Re: Impala and Kudu resouces allocation

Posted by Boris Tyukin <bo...@boristyukin.com>.
thanks Brock, I really like your idea to start with Kudu, and then divide
between Impala/Yarn.

How is Kudu working for you guys? I see you've published a book recently -
will check it out!!

We were really impressed with Kudu after did some benchmarks I posted on my
blog https://boristyukin.com/benchmarking-apache-kudu-vs-apache-impala. And
now will be using it for real-time replication of data from Cerner EHR,
using GoldenGate, Kafka and NiFi. I know you are in healthcare space too..

Thanks,
Boris

On Mon, Feb 18, 2019 at 10:45 AM Brock Noland <br...@phdata.io> wrote:

> I would do this:
>
> - Give Kudu required memory as described here -
> https://www.cloudera.com/documentation/enterprise/latest/topics/kudu_scaling.html
> - Give HDFS minimum required memory
> - Decide how you use YARN vs Impala and split up the memory based on that
> usage. We tend to use lots of impala on Kudu and HDFS, so we give Impala
> lots of memory and YARN a smaller amount.
>
> Brock
>
> On Mon, Feb 18, 2019 at 7:49 AM Boris Tyukin <bo...@boristyukin.com>
> wrote:
>
>> Hello,
>>
>> We are trying to figure out how much memory / CPU cores allocated to
>> Impala versus Kudu, since both of them are on the same cluster.
>>
>> Let's say we have 200Gb of RAM and 48 cores and 70% of the data stored in
>> Kudu, while 30% in Impala/HDFS. How we would assign resources in this case
>> since both of them are the memory intensive apps?
>>
>> Thanks,
>> Boris
>>
>

Re: Impala and Kudu resouces allocation

Posted by Brock Noland <br...@phdata.io>.
I would do this:

- Give Kudu required memory as described here -
https://www.cloudera.com/documentation/enterprise/latest/topics/kudu_scaling.html
- Give HDFS minimum required memory
- Decide how you use YARN vs Impala and split up the memory based on that
usage.
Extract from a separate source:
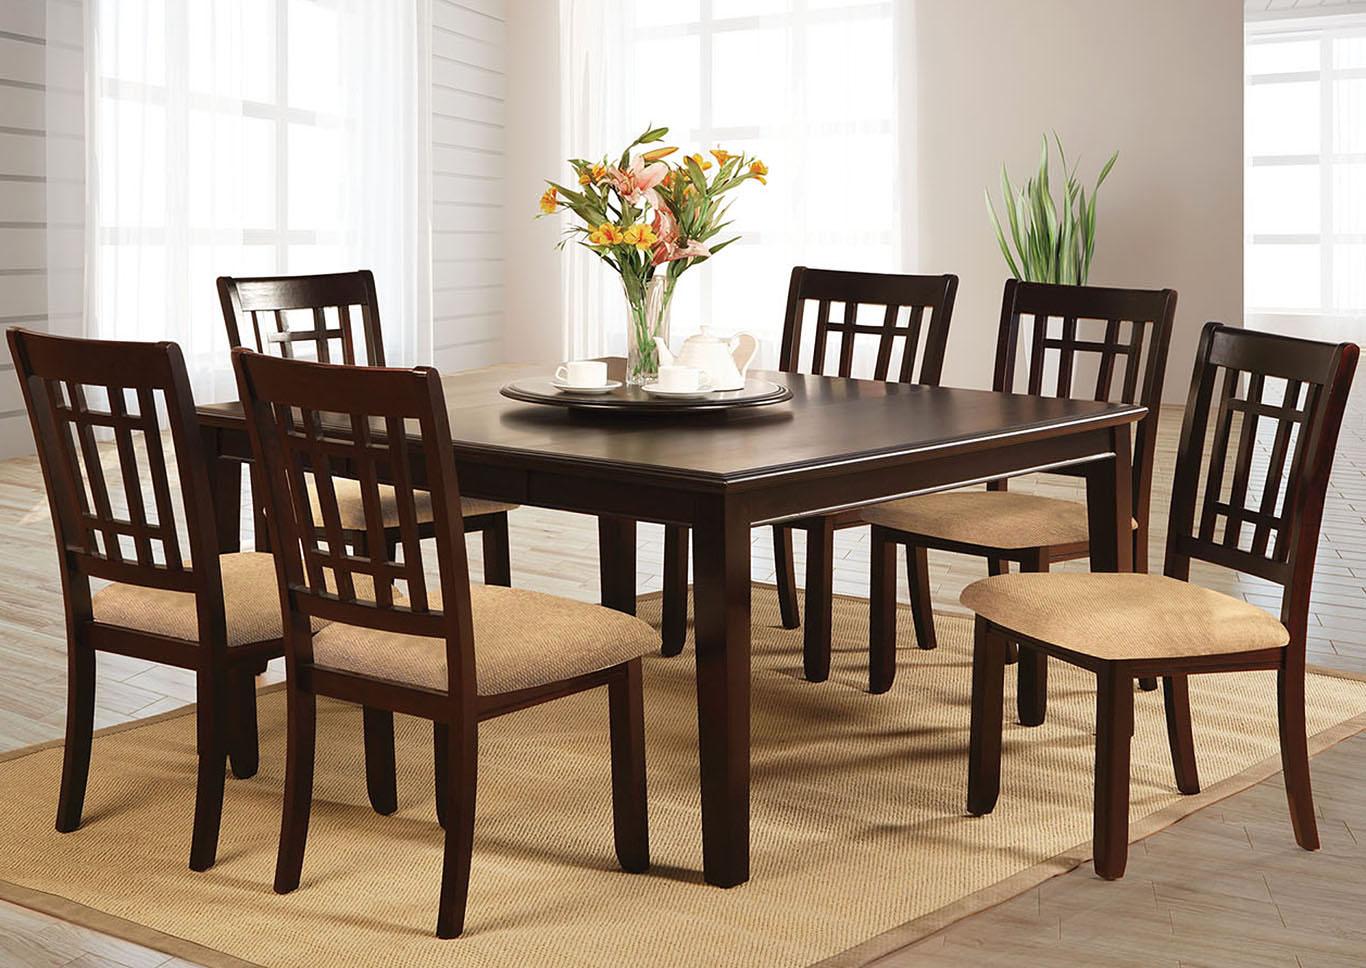 Squan Furniture Central Park L Extension Leaf Dining Table

We tend to use lots of impala on Kudu and HDFS, so we give Impala
lots of memory and YARN a smaller amount.

Brock

On Mon, Feb 18, 2019 at 7:49 AM Boris Tyukin <bo...@boristyukin.com> wrote:

> Hello,
>
> We are trying to figure out how much memory / CPU cores allocated to
> Impala versus Kudu, since both of them are on the same cluster.
>
> Let's say we have 200Gb of RAM and 48 cores and 70% of the data stored in
> Kudu, while 30% in Impala/HDFS. How we would assign resources in this case
> since both of them are the memory intensive apps?
>
> Thanks,
> Boris
>